→ Prompt
For the listing below, return the line containing "Sealey Premier Angle", the line containing "The Valentine Quest", and all lines in between, exactly as written and nothing else.

→ Extracted information
================

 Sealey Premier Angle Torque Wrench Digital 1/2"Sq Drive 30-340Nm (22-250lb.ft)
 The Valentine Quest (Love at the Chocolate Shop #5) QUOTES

================

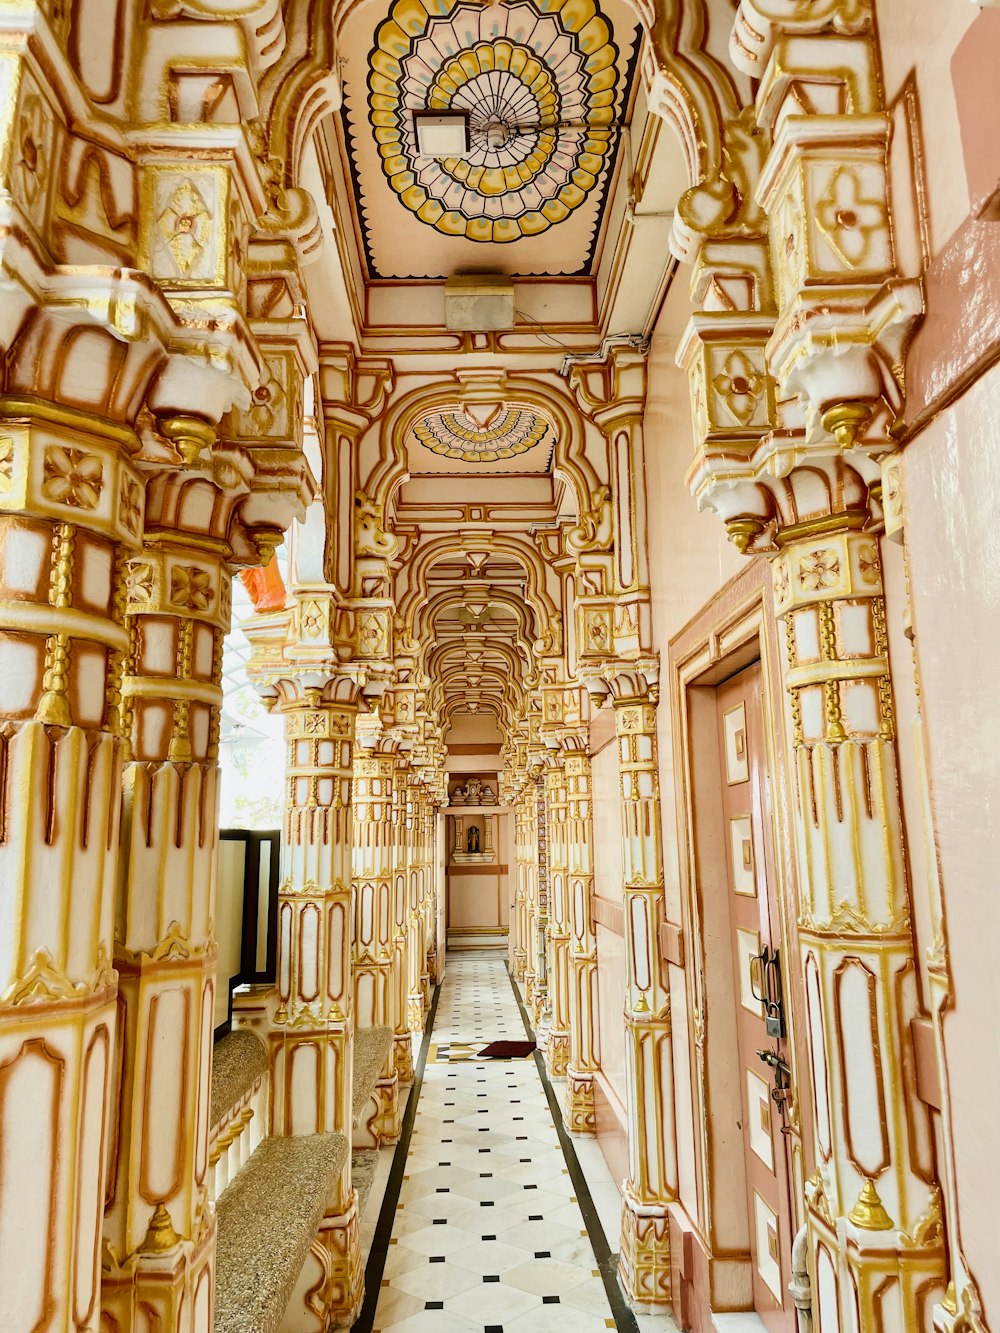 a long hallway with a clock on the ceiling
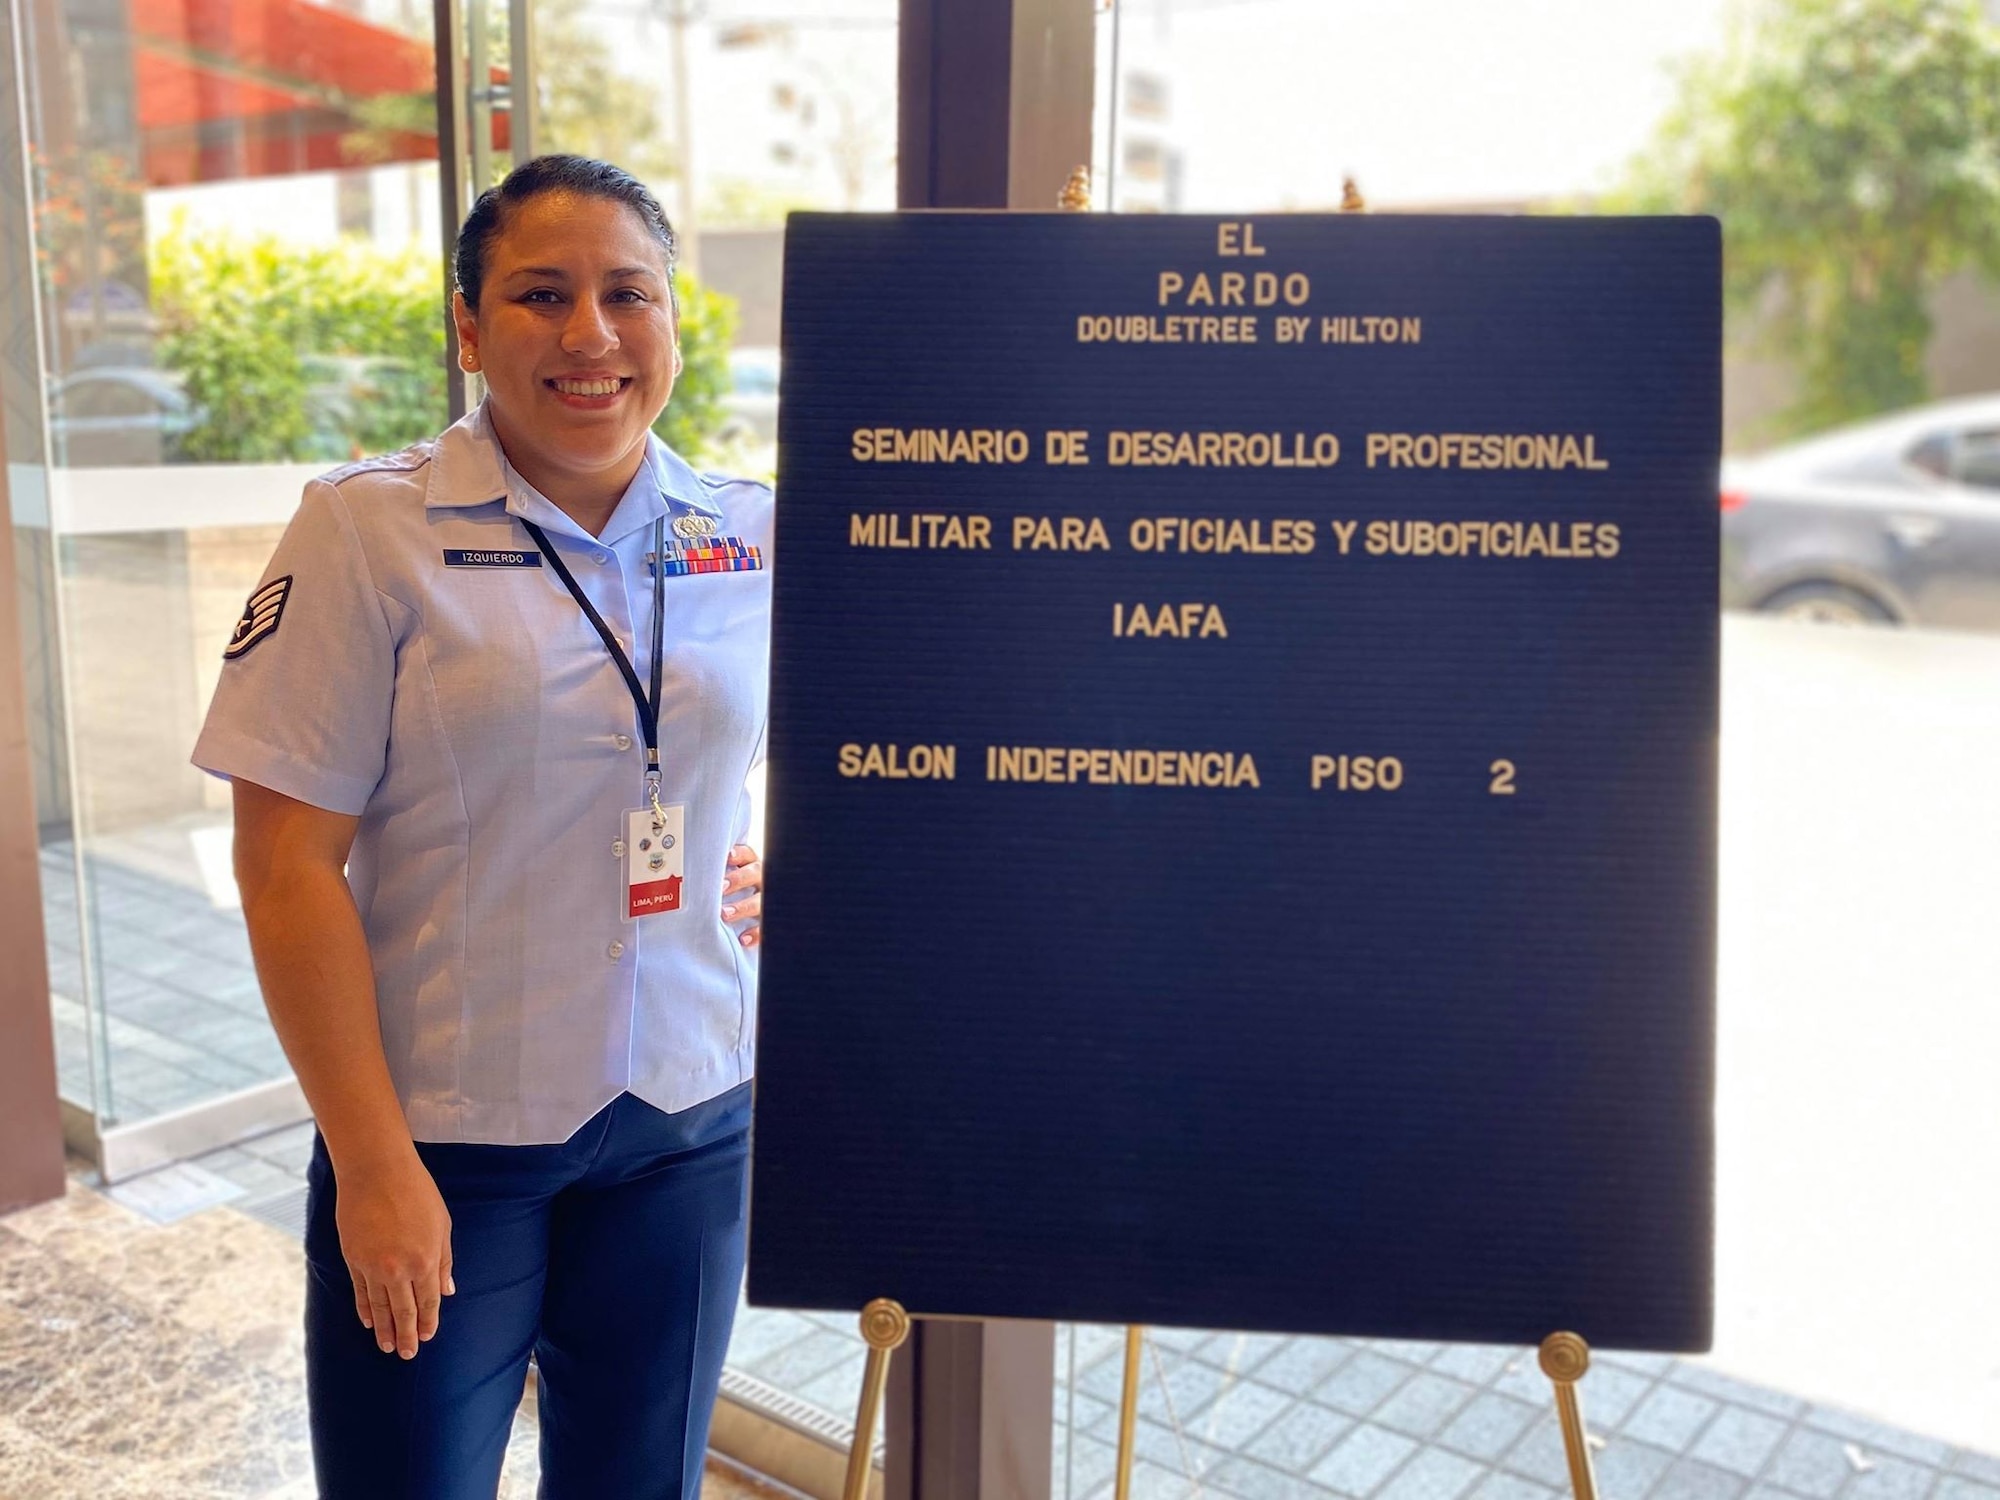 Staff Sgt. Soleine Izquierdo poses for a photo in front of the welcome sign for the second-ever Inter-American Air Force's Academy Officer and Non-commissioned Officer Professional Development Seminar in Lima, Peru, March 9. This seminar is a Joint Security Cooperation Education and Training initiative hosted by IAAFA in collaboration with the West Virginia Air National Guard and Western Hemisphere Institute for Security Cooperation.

================

→ Problem solution
 Sealey Premier Angle Torque Wrench Digital 1/2"Sq Drive 30-340Nm (22-250lb.ft)
 The Valentine Quest (Love at the Chocolate Shop #5) QUOTES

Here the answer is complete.